** Opening Input for this task block **

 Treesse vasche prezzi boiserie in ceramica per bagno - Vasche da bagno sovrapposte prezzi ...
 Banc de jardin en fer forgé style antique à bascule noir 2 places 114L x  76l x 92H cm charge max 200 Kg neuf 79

** Closing Input for this task block **
** Opening Input for this task block **

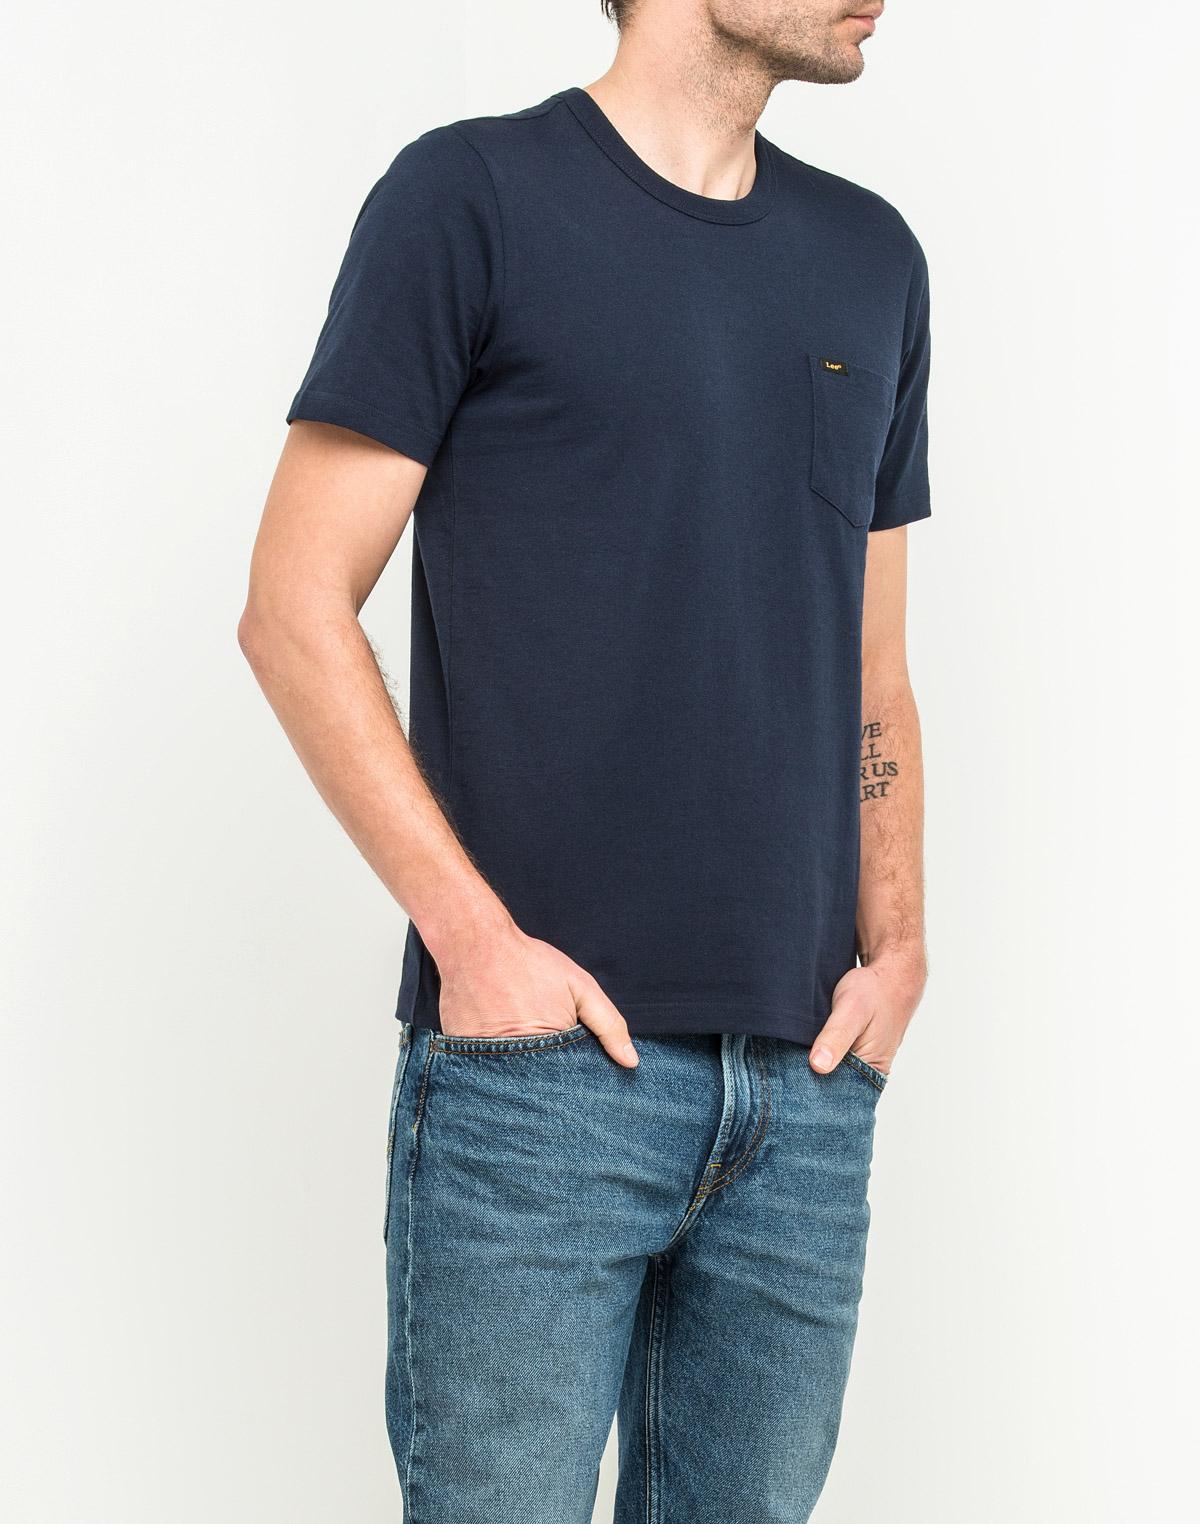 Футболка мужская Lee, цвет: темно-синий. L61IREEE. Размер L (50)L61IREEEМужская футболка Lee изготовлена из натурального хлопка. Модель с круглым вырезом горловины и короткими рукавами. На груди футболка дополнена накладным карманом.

** Closing Input for this task block **

#### [Exercise requirements]
Retype the records above, but only those lines that fall between the line containing "Treesse vasche prezzi" and the line containing "Banc de jardin", with both of those lines included, exactly as written.

#### [Task response]
 Treesse vasche prezzi boiserie in ceramica per bagno - Vasche da bagno sovrapposte prezzi ...
 Banc de jardin en fer forgé style antique à bascule noir 2 places 114L x  76l x 92H cm charge max 200 Kg neuf 79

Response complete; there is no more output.